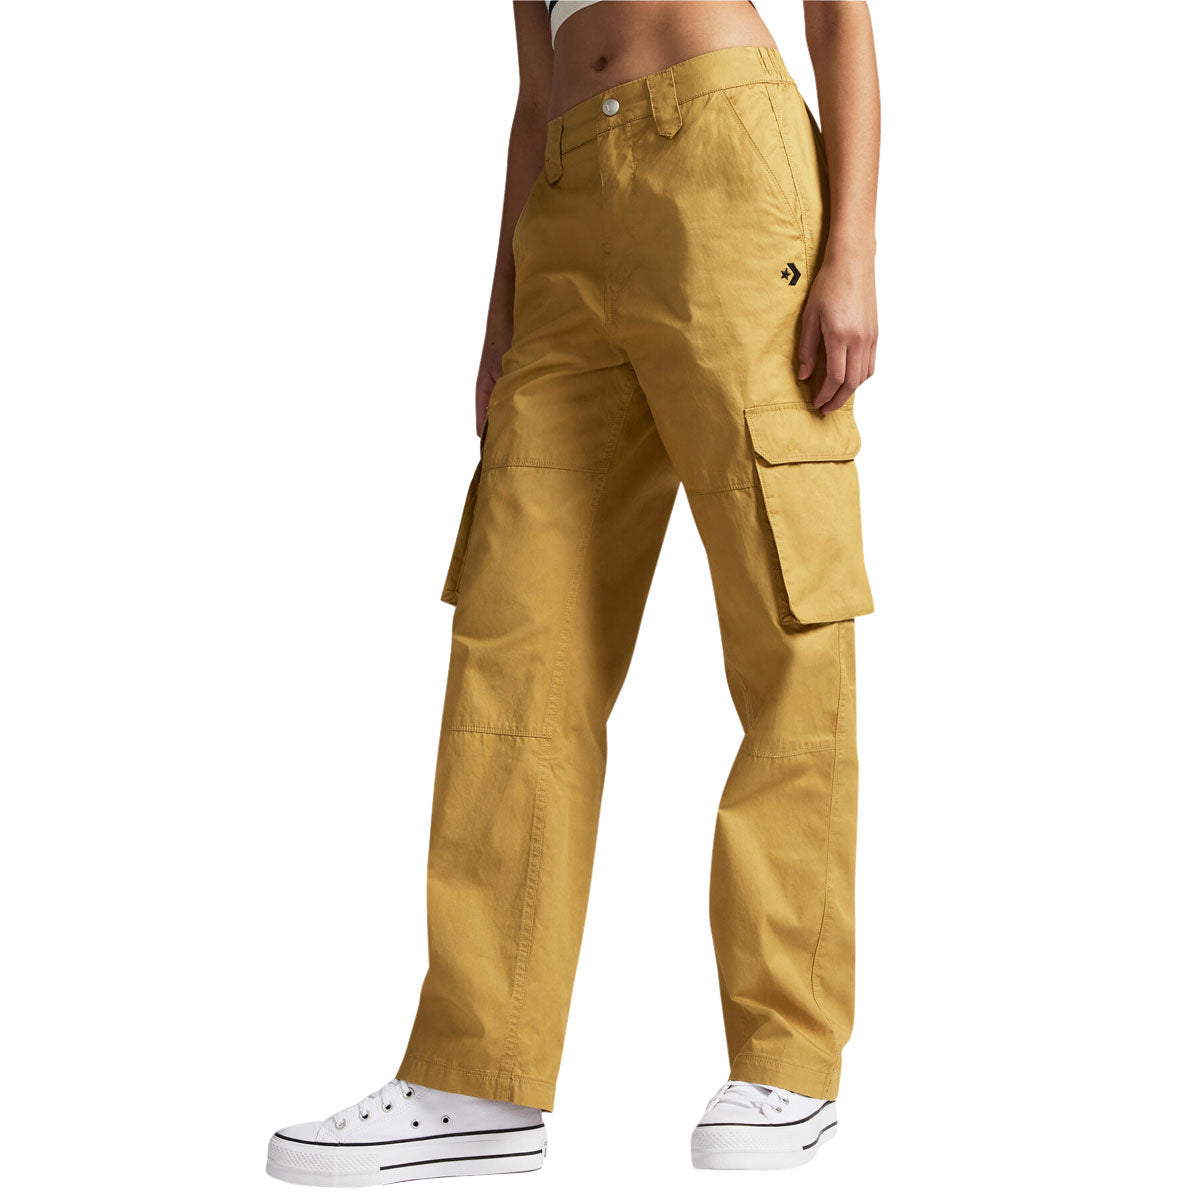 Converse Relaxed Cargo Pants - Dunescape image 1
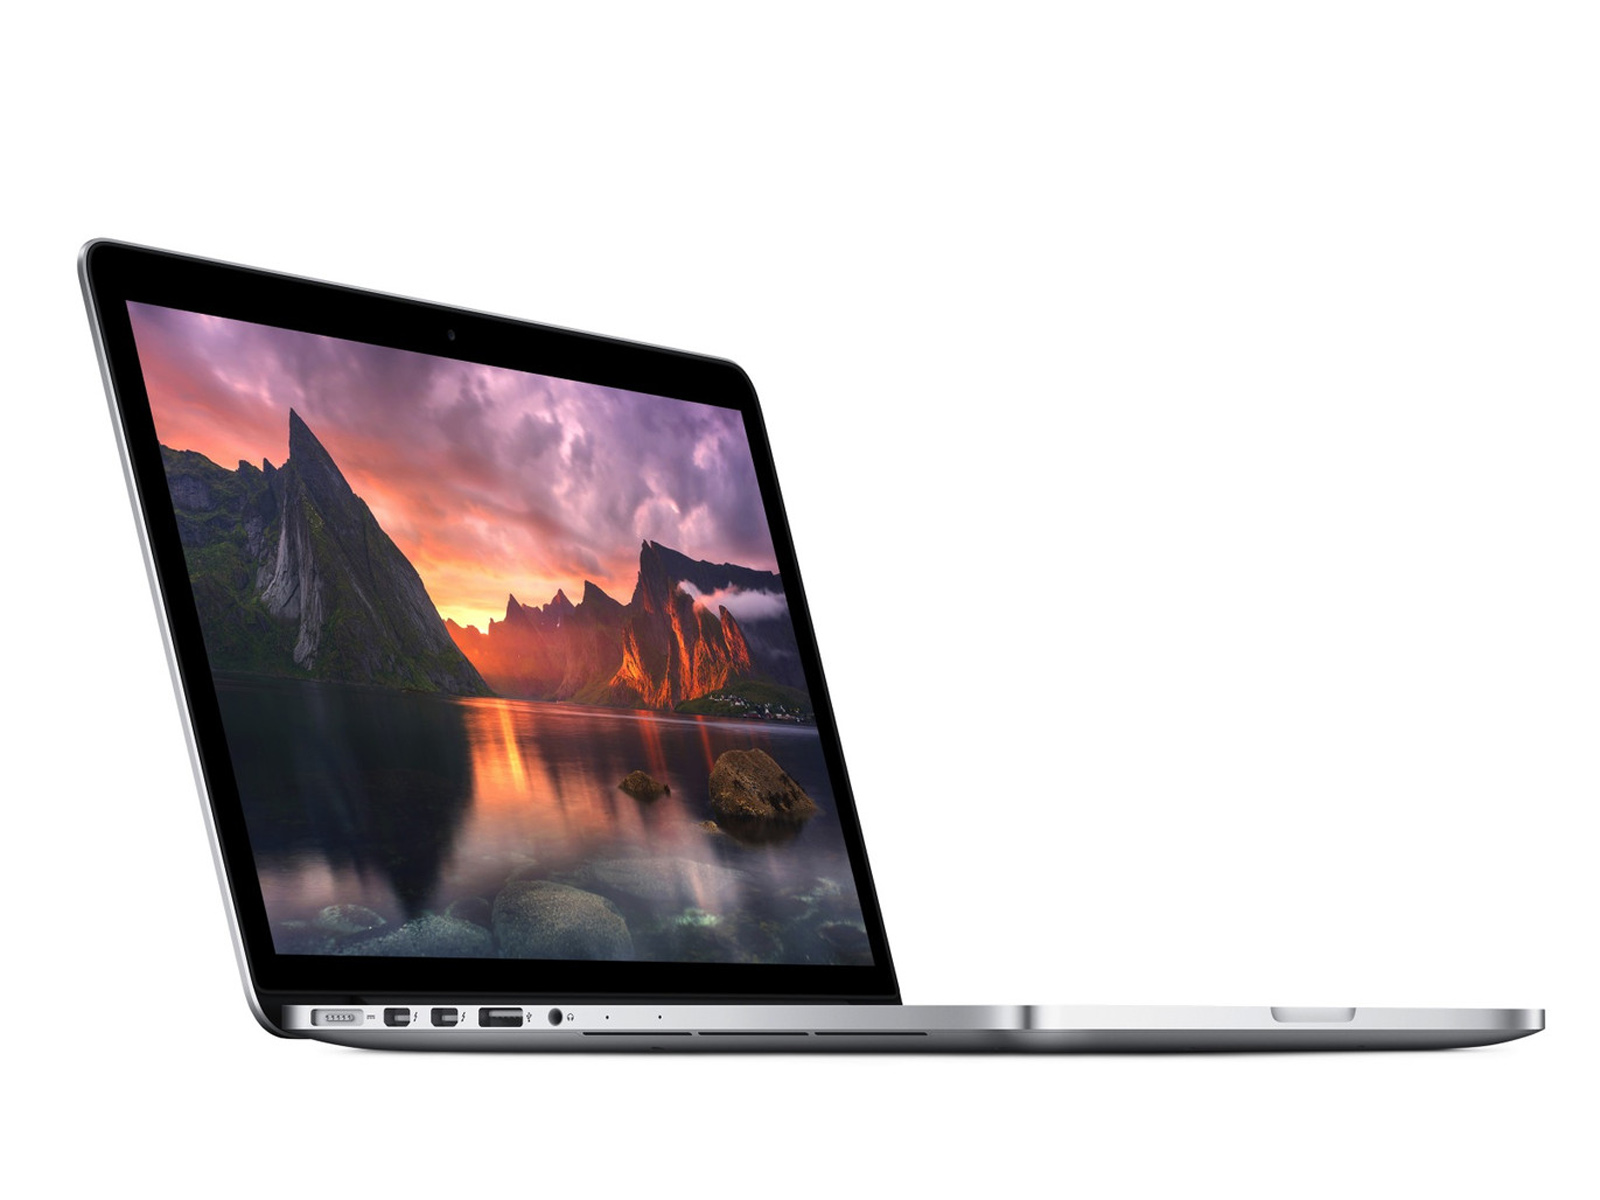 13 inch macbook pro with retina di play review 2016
= = = =
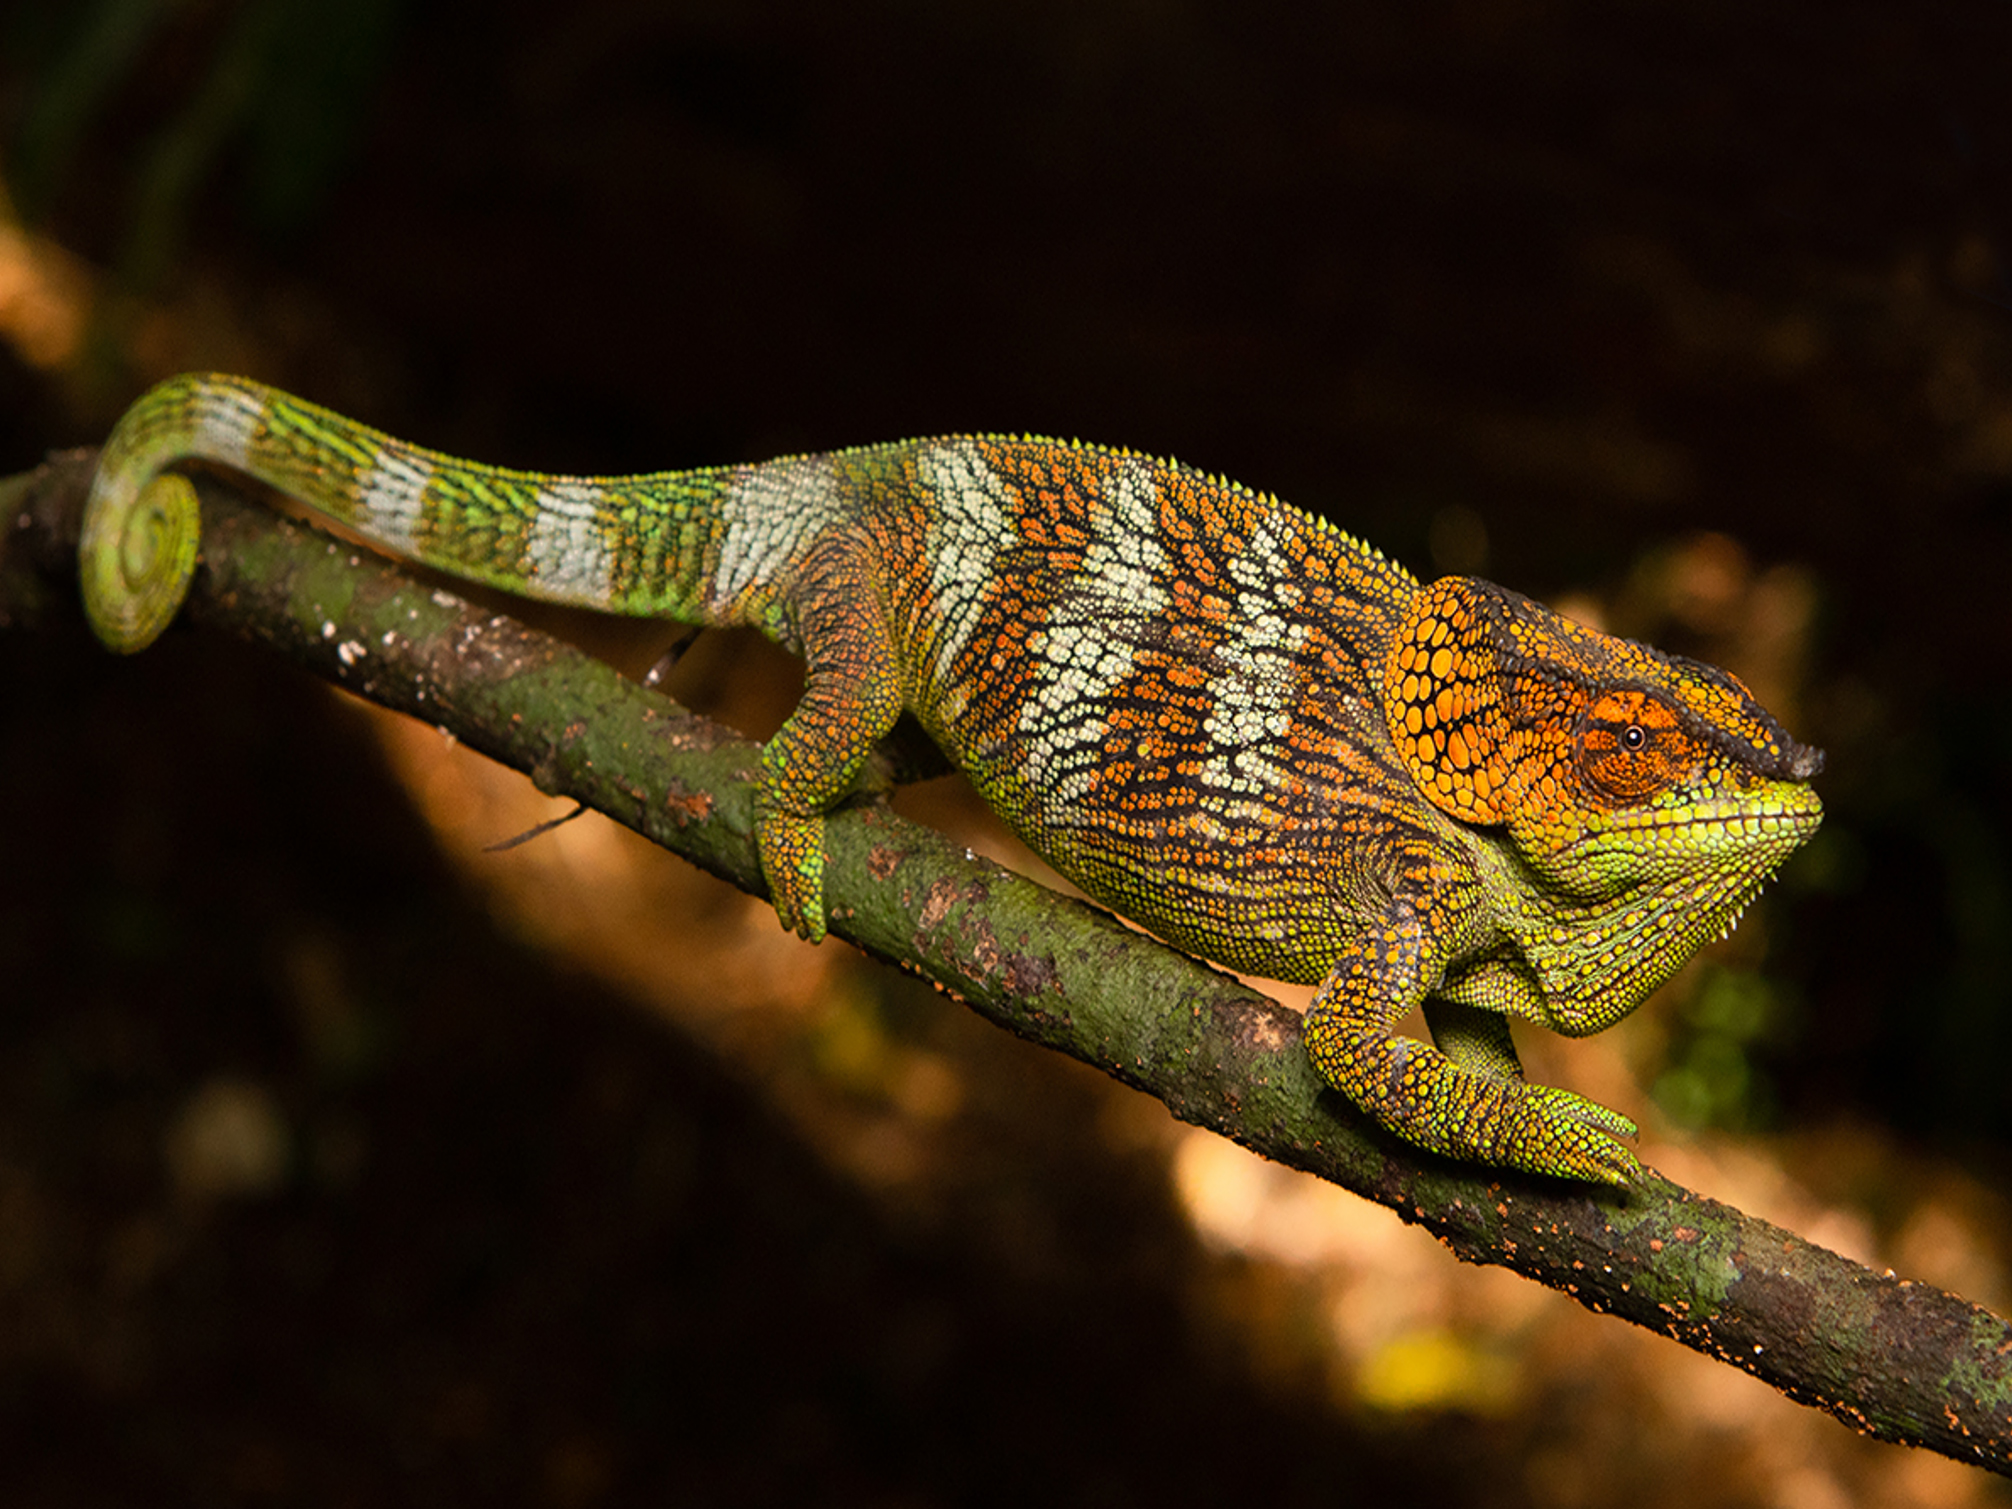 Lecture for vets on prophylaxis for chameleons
= = = =
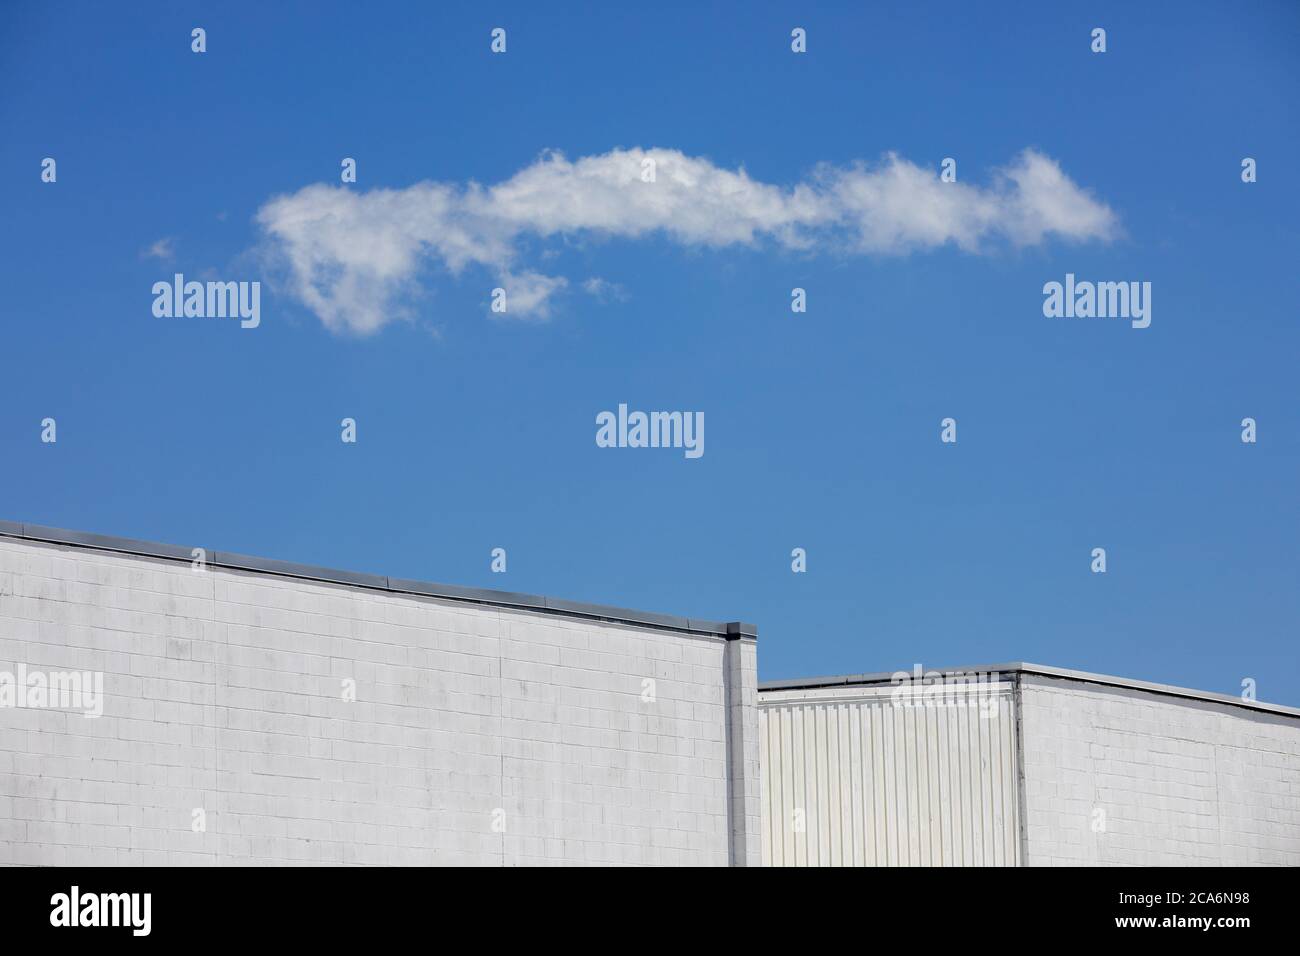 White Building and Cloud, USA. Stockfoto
= = = =
### What you will do
Print the line above containing "Converse Relaxed Cargo", the line containing "13 inch macbook", and everything between them, exactly as written. Pictures stay out.

### Response for this exercise
 Converse Relaxed Cargo Pants - Dunescape image 1
 13 inch macbook pro with retina di play review 2016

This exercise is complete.